- Records for this exercise
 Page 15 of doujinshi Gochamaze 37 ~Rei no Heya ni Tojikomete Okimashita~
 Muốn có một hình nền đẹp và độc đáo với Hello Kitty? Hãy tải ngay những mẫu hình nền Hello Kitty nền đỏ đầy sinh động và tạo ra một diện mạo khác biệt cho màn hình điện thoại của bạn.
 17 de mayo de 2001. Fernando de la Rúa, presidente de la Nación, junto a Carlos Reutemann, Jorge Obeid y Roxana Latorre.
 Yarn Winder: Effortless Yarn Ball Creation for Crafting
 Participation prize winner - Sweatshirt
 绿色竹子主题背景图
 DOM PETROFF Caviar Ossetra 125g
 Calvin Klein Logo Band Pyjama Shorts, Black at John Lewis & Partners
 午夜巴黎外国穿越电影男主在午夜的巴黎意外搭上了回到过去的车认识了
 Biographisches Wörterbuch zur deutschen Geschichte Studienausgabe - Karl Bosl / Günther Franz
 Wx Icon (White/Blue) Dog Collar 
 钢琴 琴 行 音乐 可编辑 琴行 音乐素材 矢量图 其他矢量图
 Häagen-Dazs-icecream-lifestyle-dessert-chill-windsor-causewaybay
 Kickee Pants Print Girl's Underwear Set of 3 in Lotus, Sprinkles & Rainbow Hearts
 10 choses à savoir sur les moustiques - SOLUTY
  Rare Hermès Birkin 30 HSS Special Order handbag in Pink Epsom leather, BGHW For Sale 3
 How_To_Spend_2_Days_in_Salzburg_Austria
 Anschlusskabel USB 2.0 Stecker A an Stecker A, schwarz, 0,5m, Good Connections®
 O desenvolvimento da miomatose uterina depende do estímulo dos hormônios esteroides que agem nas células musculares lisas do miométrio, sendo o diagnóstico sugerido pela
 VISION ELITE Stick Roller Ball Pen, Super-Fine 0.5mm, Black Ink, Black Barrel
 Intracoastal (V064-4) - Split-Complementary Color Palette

- Problem requirements
Output the lines above between the one holding "DOM PETROFF Caviar Ossetra 125g" and the one holding "钢琴 琴 行 音乐 可编辑 琴行 音乐素材 矢量图 其他矢量图", inclusive, with nothing before or after them.

- The answer
 DOM PETROFF Caviar Ossetra 125g
 Calvin Klein Logo Band Pyjama Shorts, Black at John Lewis & Partners
 午夜巴黎外国穿越电影男主在午夜的巴黎意外搭上了回到过去的车认识了
 Biographisches Wörterbuch zur deutschen Geschichte Studienausgabe - Karl Bosl / Günther Franz
 Wx Icon (White/Blue) Dog Collar 
 钢琴 琴 行 音乐 可编辑 琴行 音乐素材 矢量图 其他矢量图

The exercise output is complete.